Maybe, just maybe, the decision by RFK Jr. – whom many on the right and left like for different reasons – is a sign. Maybe his decision to endorse Trump, and declare corruption unacceptable, is about something bigger. Being “against” is exhausting. Seeking common ground is exhilarating.
Could it be that, even in this 11th hour, Americans are waking up – or a few are? That traditional Democrats and thoughtful Independents will now think about the nation, not the rhetoric, not the ease of nodding with those who have long despised Trump, but the value in his policies?
Go broader: Is it possible that, similar to that period after the American Civil War, when the nation was sad, tired, torn up, and desperate for healing, we may hear the kind of appeal Lincoln made?
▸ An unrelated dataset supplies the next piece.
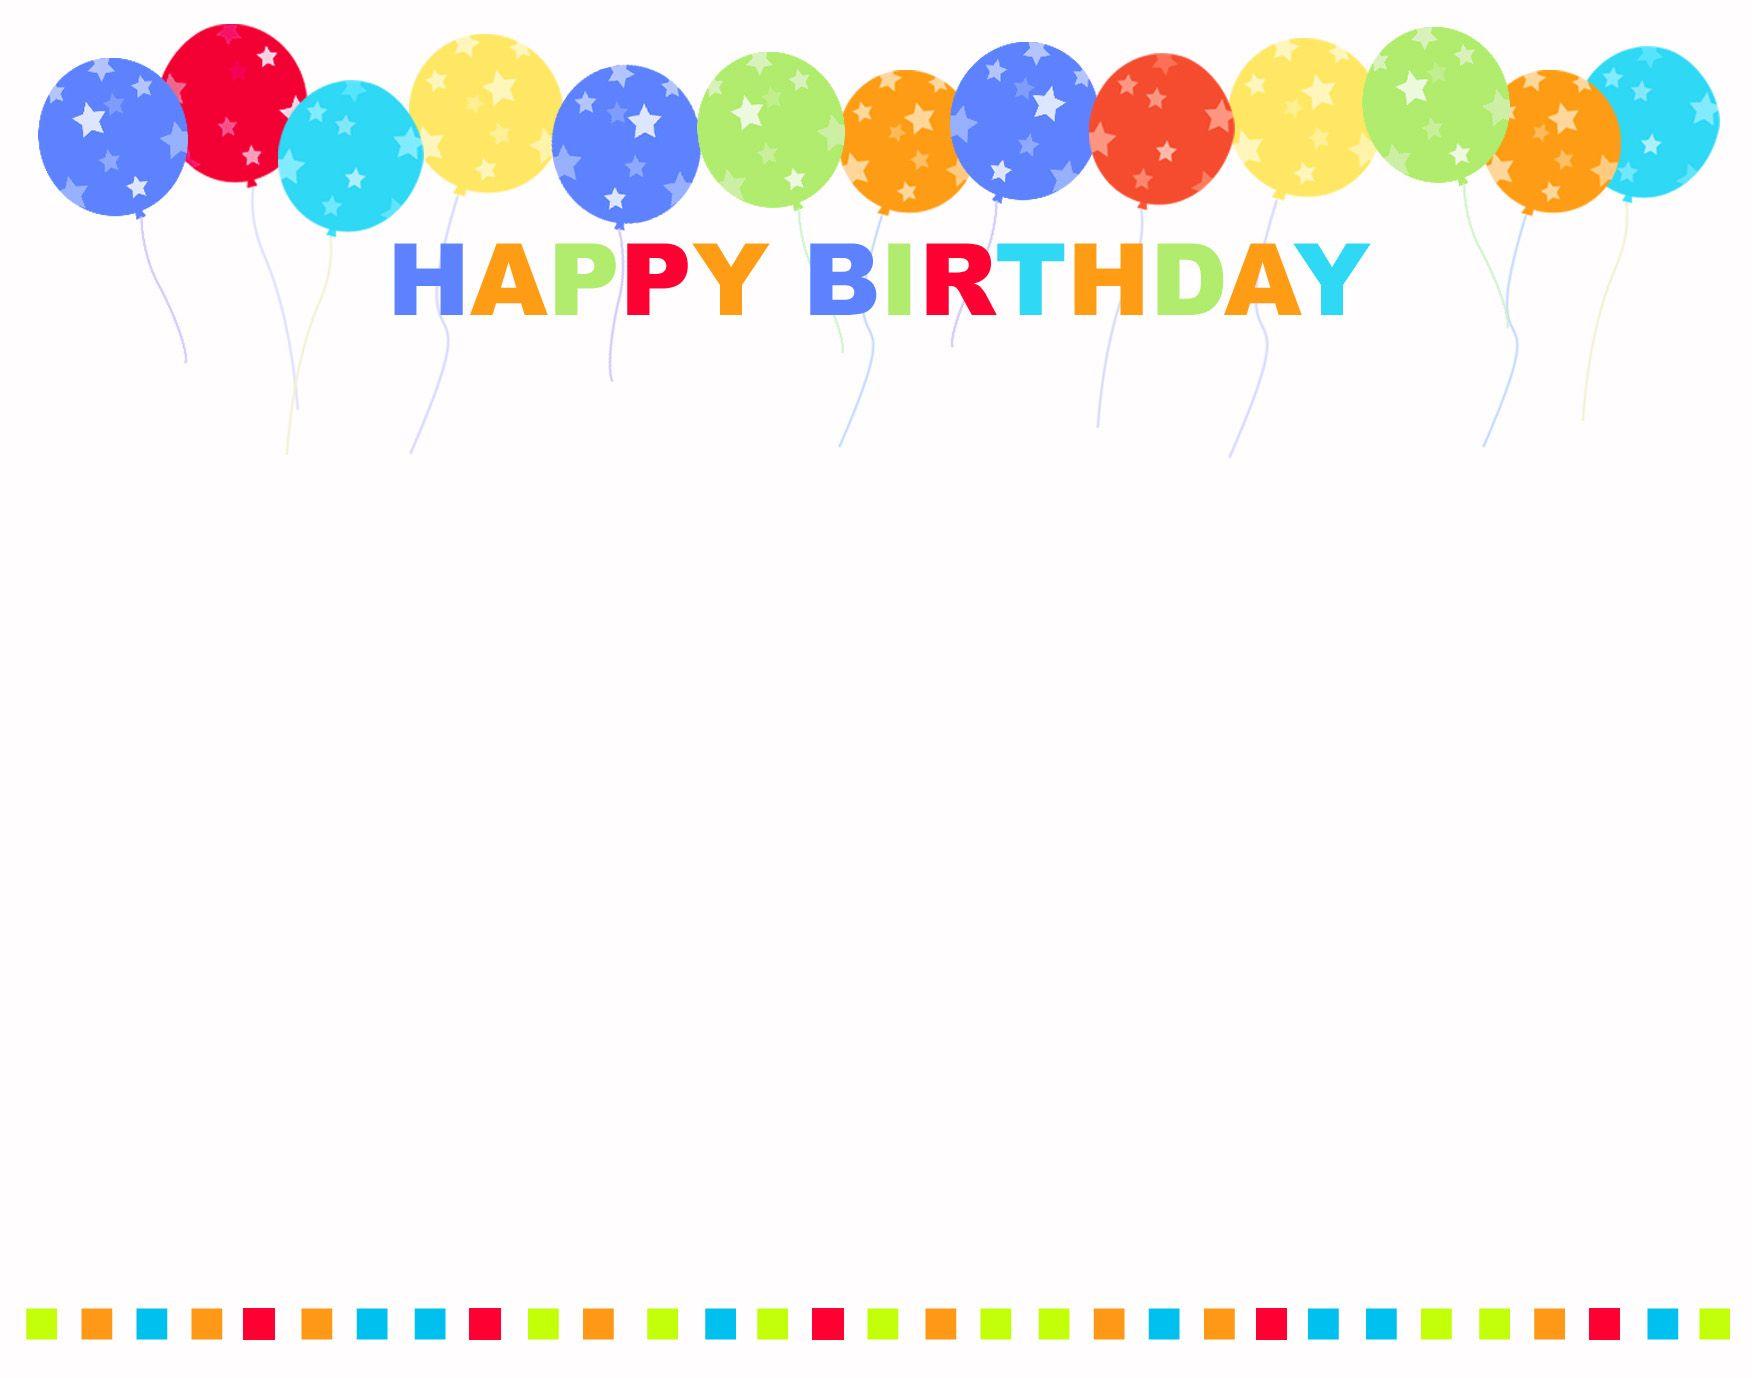 Birthday Balloon Decoration Image With White Background

What did Lincoln say then, in a time of profound division, loss of focus, unity, torn oneness? In closing his First Inaugural Address, Lincoln uttered these timeless words, at least timeless for Americans, bound as we are to each other – inevitably, enduringly, necessarily. Today, they echo.
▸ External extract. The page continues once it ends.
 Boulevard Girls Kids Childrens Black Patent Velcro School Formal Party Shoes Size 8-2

“I am loathe to close. We are not enemies, but friends. We must not be enemies. Though passion may have strained it must not break our bonds of affection.”
Stop there. What if we, one to another, just read those few laconic lines to a neighbor, to those we have always been close to, but which recent events have strained our bonds with? Think about that.
Lincoln continued: “The mystic chords of memory, stretching from every battlefield and patriot grave to every living heart and hearthstone all over this broad land, will yet swell the chorus of the Union, when again touched, as surely they will be, by the better angels of our nature.”
Lincoln was hopeful, dogged, realistic, and wise. He was not prophetic, not all-powerful, not some Godlike human, but he could see what would happen if level heads failed to stop the thundering approach of war, divisions within the nation that would tear the nation asunder.
He knew that wars, declared and undeclared, civil and uncivil, like injustices left unresolved, eat away at a nation and – growing worse by the day – eat at the hearts and contentment of Her citizens.
He delivered that plea to the nation, this man who had never before held high office, who was a self-taught, humble Illinois lawyer with a humble Mainer for vice president – on March 4, 1861.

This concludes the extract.